*INFORMATION SHOWN:*
----------
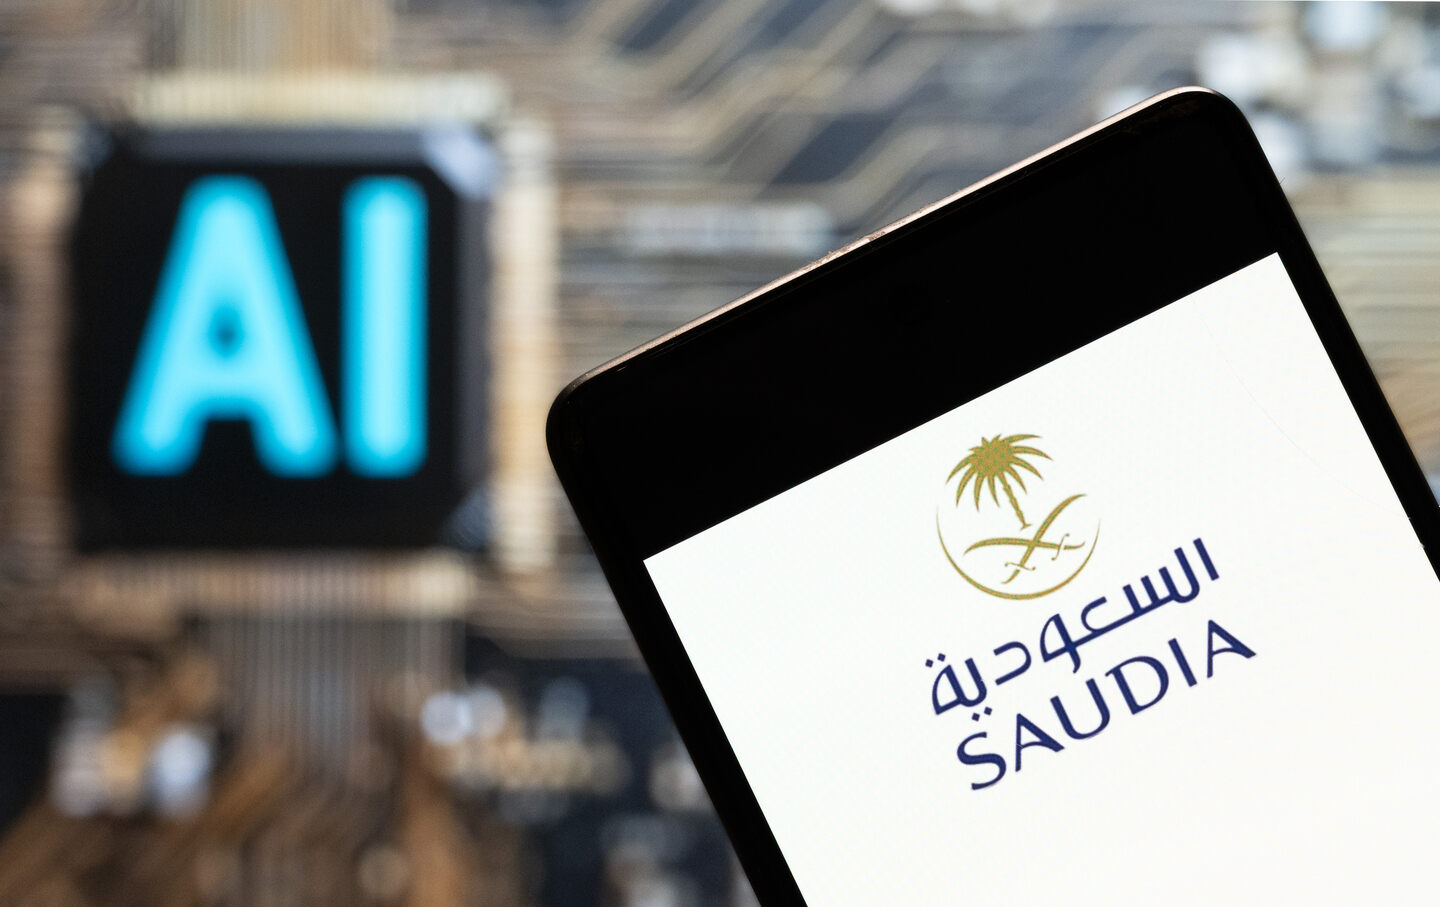 The Saudi Arabian Airlines (Saudia) logo seen displayed on a smartphone with an Artificial intelligence (AI) chip and symbol in the background.
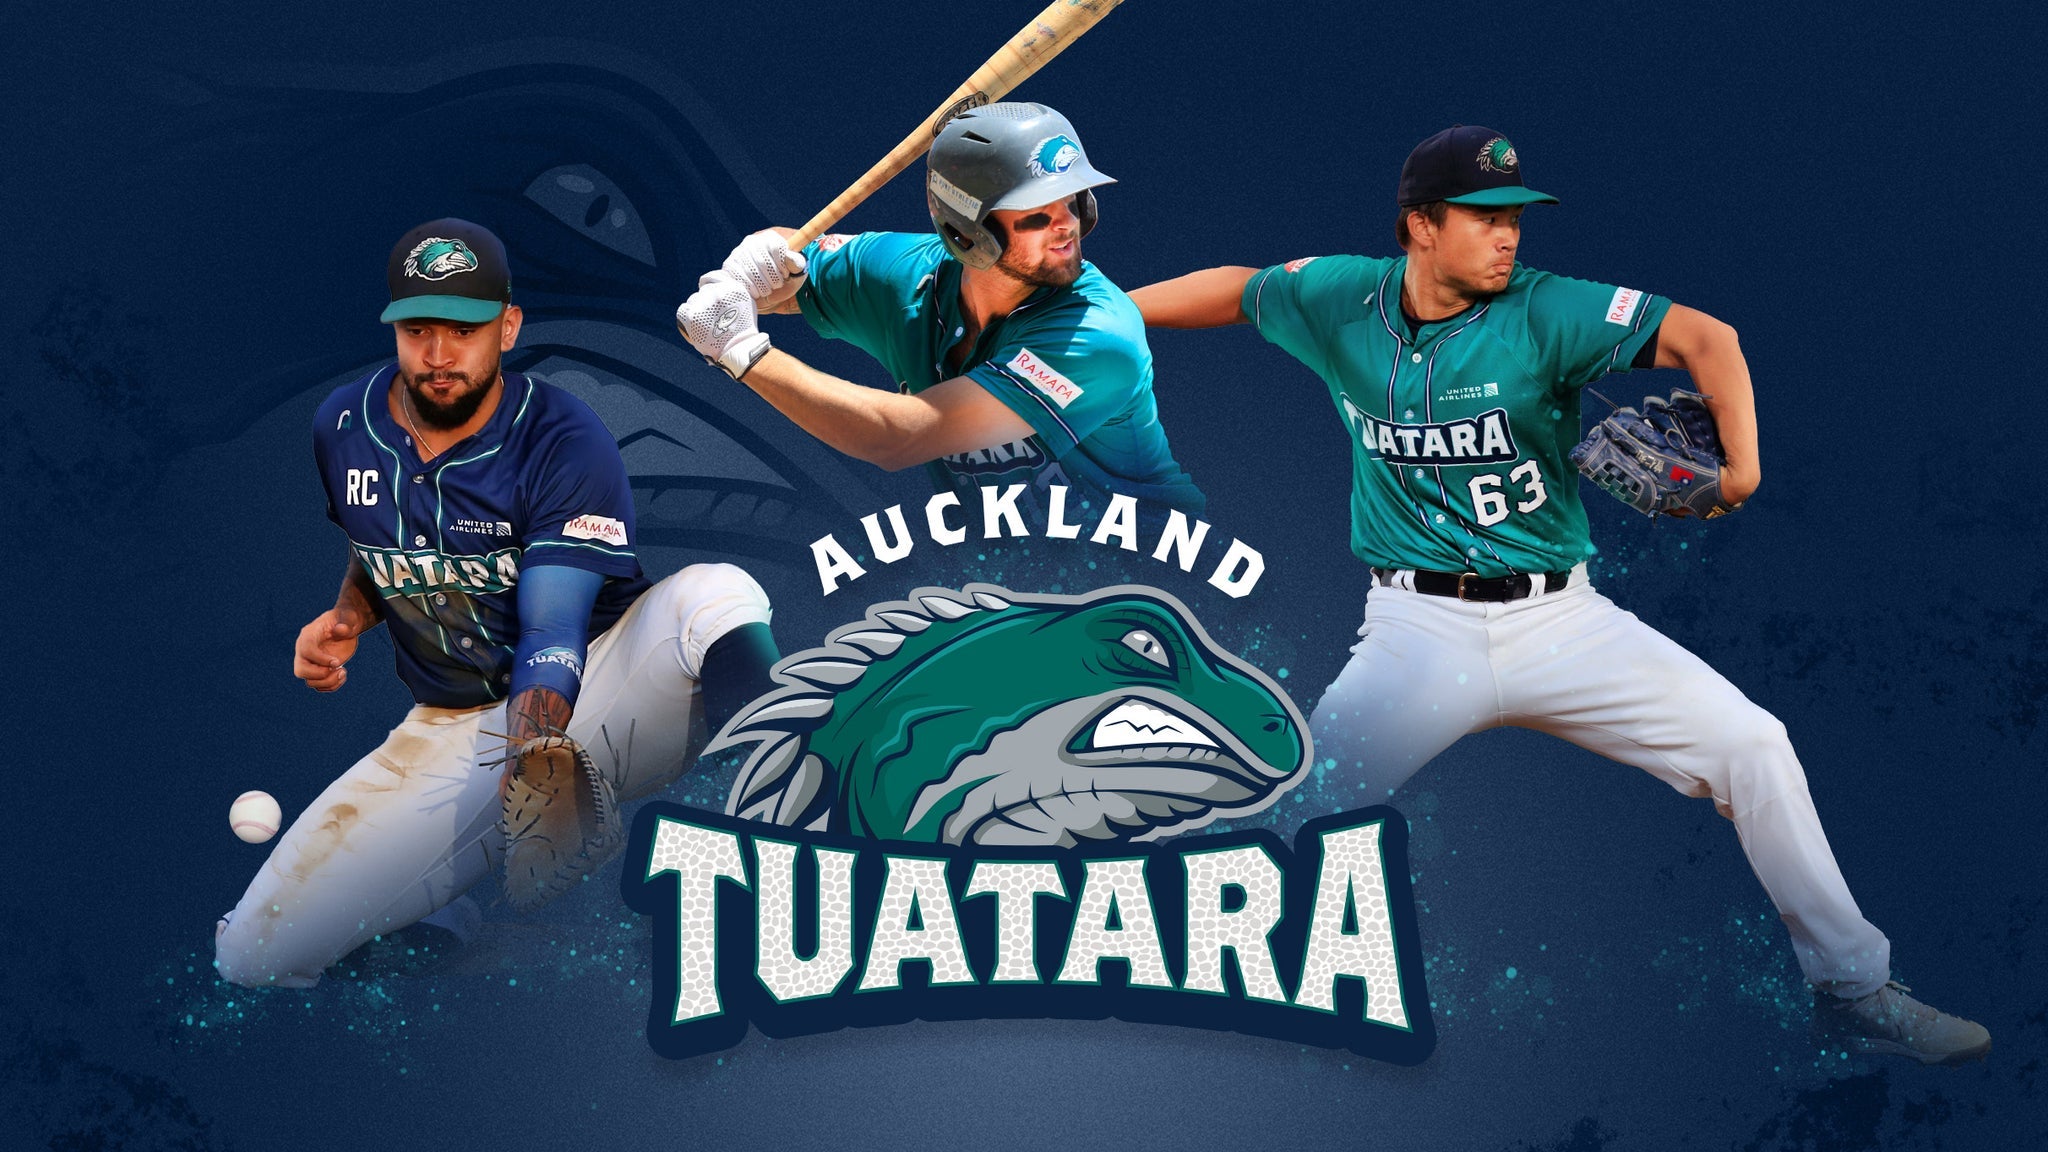 Image used with permission from Ticketmaster | Auckland Tuatara - Full Season Membership (20 Games) tickets
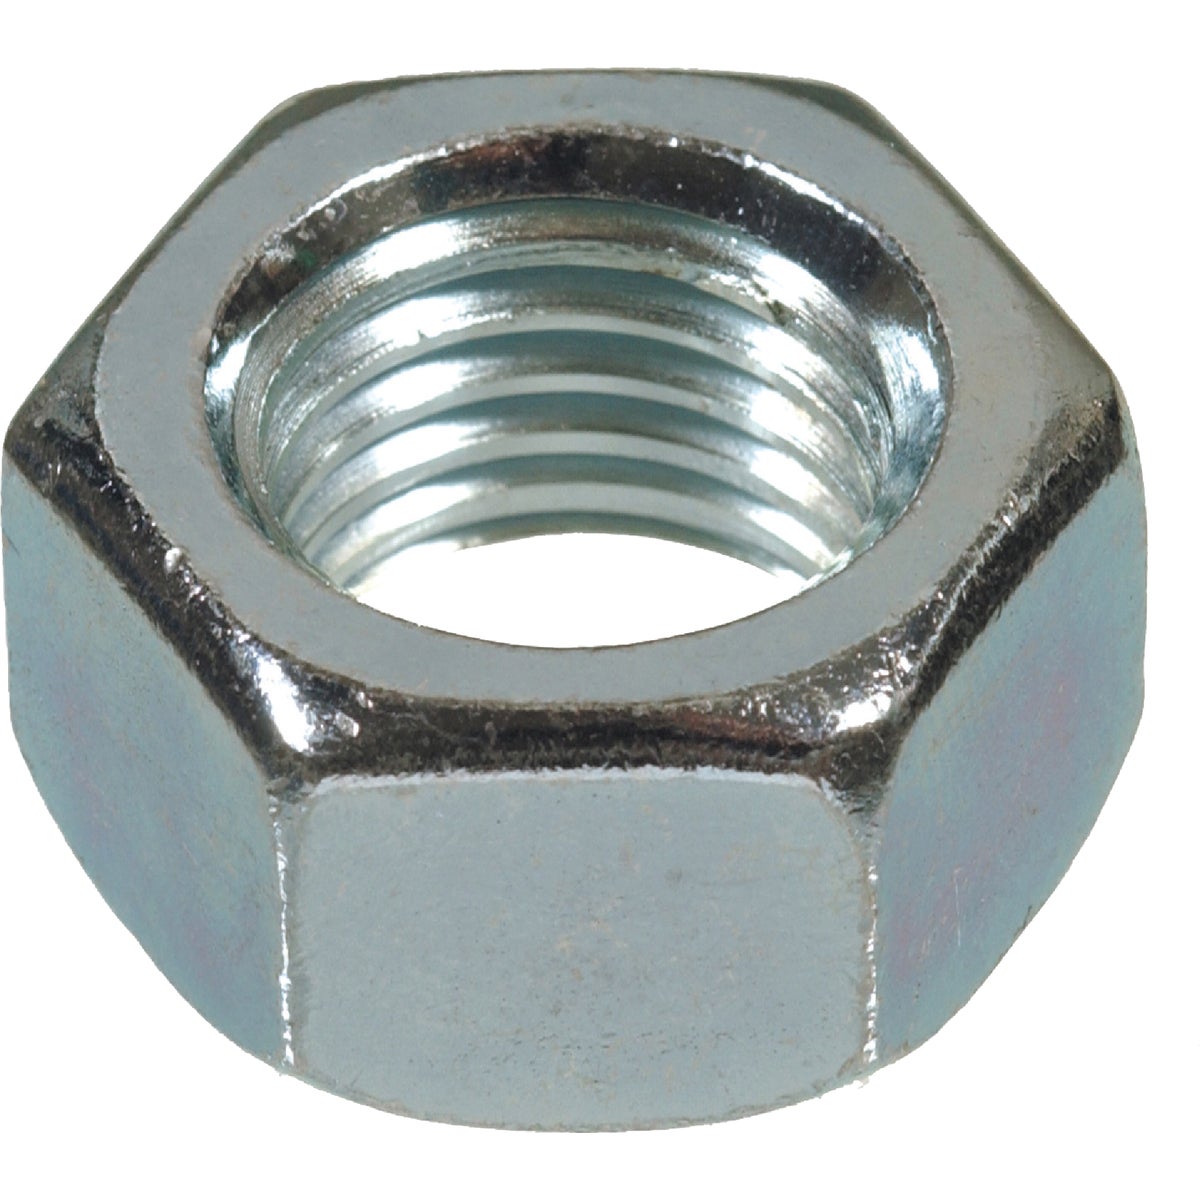 Item 710962, 6-sided hex machine screw nuts are available in smaller sizes than full hex
----------
*YOUR INSTRUCTIONS:*
The answer should match the material exactly, with every picture removed.

*RESPONSE:*
 The Saudi Arabian Airlines (Saudia) logo seen displayed on a smartphone with an Artificial intelligence (AI) chip and symbol in the background.
 Image used with permission from Ticketmaster | Auckland Tuatara - Full Season Membership (20 Games) tickets
 Item 710962, 6-sided hex machine screw nuts are available in smaller sizes than full hex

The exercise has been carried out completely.